For others, the outcomes are *single* outcomes: the propensity of a fair coin to come up with T is
1/2.

Problems:

- It is unclear what such propensities are, and therefore it is hard to see how this interpretation clarifies what probability is.
- It is unclear whether Bayes’ Theorem, which ties a conditional probability and its inverse, can be couched in propensity terms because propensities seem tied to causation, which is asymmetric in such as way that at times while it makes sense to say that B causes A, it makes little sense to say that A causes B. So, if Pr(P|D) measures the propensity of of disease D to produce a positive test result, then Pr(D|P) seems to make little sense if understood as the propensity of the positive test result to produce the disease.

*The Subjectivist
interpretation *(de Finetti, Jeffrey)

Probability is *degree of belief held by a rational agent*,
that is, an agent whose degrees of belief (minimally):

- Satisfy the axioms of probability
- Are
updated by
*conditioning*: Pr(A) becomes Pr(A|E) in the face of new evidence E.

NOTE:

- Most
people violate probability calculus, especially with respect to
conditional probability, and therefore a
*normative*component (the rationality of the agent) is necessary. - Probability is then presented as the logic of partial belief with classical logic as a limiting case.

Many subjectivists (e.g., de Finetti) analyze degrees of belief (probabilities) in terms of (possible) betting behavior. Consider a bet where one wins W=1 if A is true and loses L if it is false. The probability you attribute to A is what you think the fair value of L expressed in units of W, that is, the value of L if you did not know which side of the bet you would have to take. For example, suppose you consider the arrangement whereby one wins $1 if A it true and loses $1/3 if A is false a fair one. Then, you believe that Pr(A) =1/4. In fact the arrangement is fair when

1Pr(A)=1/3 (1-Pr(A)),

that is,

4/3Pr(A)=1/3,

or

Pr(A)=1/4.

Here probability is understood in terms of utility (in the example, $$) and rational preference. (Since you don’t know which side of the bet you’ll get, you’ll settle for a fair bet).
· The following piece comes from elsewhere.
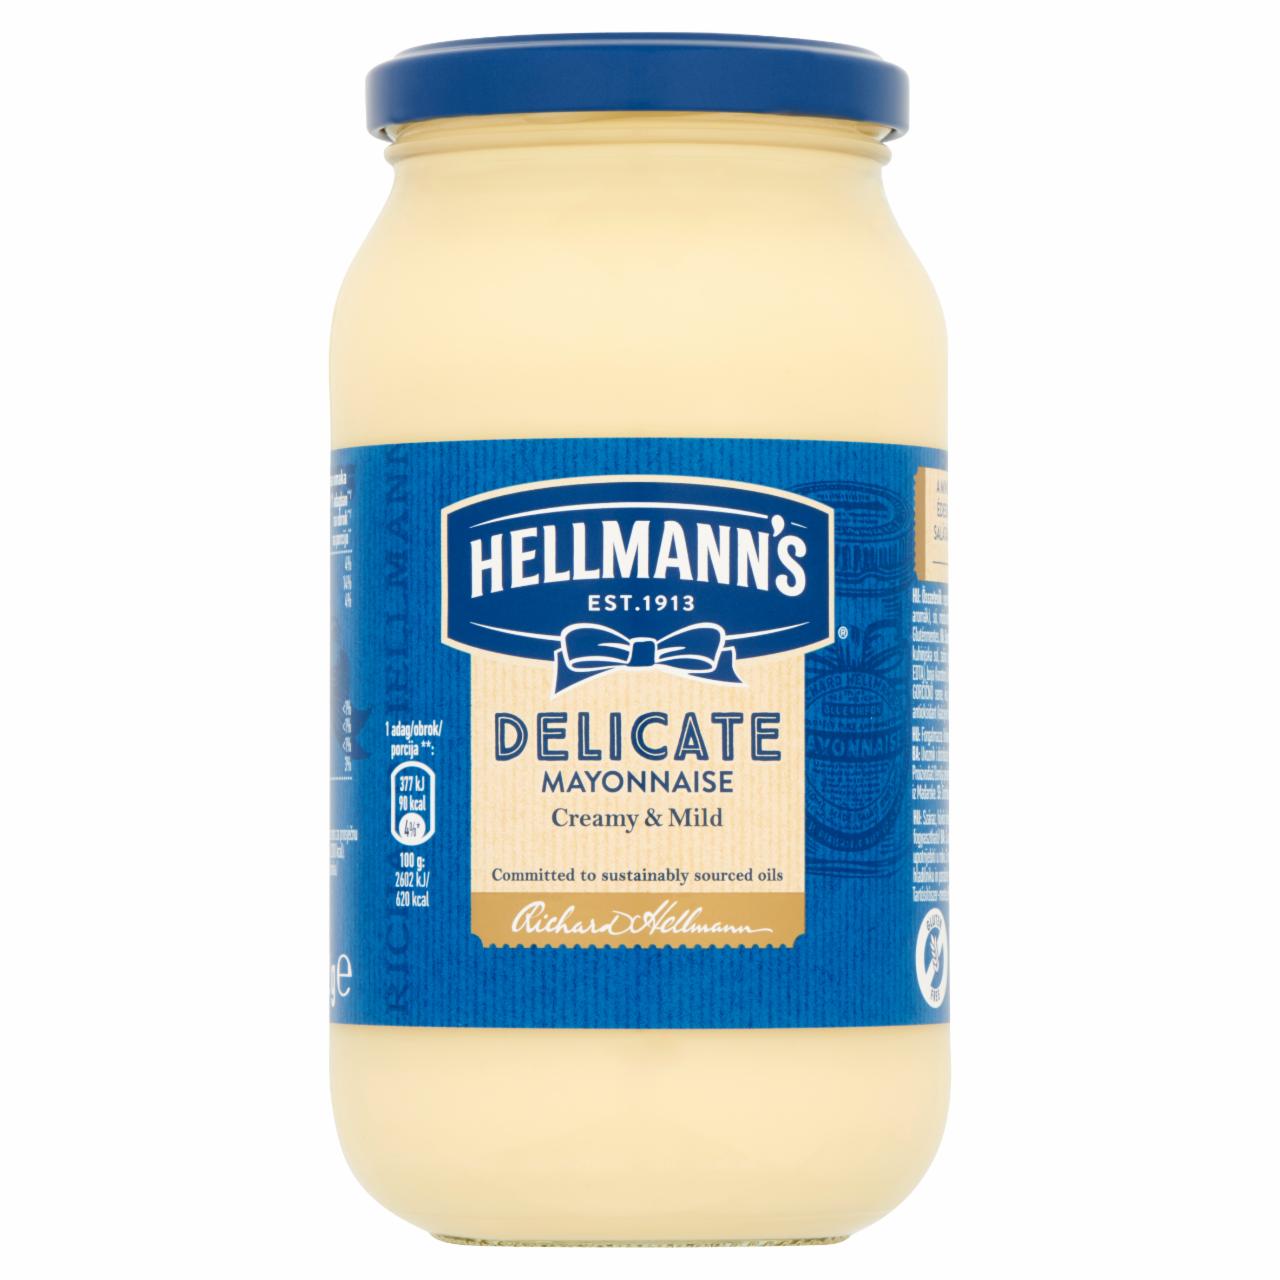 Képek - Hellmann's Delicate majonéz 412 g

Others (e.g., Ramsey) try to obtain both probability and utility from rational preference in a two step procedure whereby first one obtains probability from rational preferences, and then utility from probability and rational preference. Roughly, here is the procedure. First, Ramsey introduces ‘ethically neutral’ statements, namely statements which per se are indifferent to you, so that their only significance is their association with the outcomes of gambles. Suppose now that you prefer A over B, that statement P is ethically neutral and that you are indifferent between the gamble: get A if P is true and B if P is false and get A if P is false and B if P is true. Then, by definition, Pr(P)=1/2. Note that now P can be used to set up a lottery just in the same way a fair coin can. The probabilities of many other ethically neutral statements can be obtained analogously. Once the set of ethically neutral statements for which we know the probability is large enough, they can be used in place of lotteries in determining utilities. Hence, one determines utilities and then the probabilities of the remaining ethically neutral statements. Finally, by knowing utilities, one can obtain the probabilities of non-ethically neutral statements by appealing to the expected values of bets.

Other constraints beyond (1)-(2) have been proposed, but dealing with them would take us too far afield.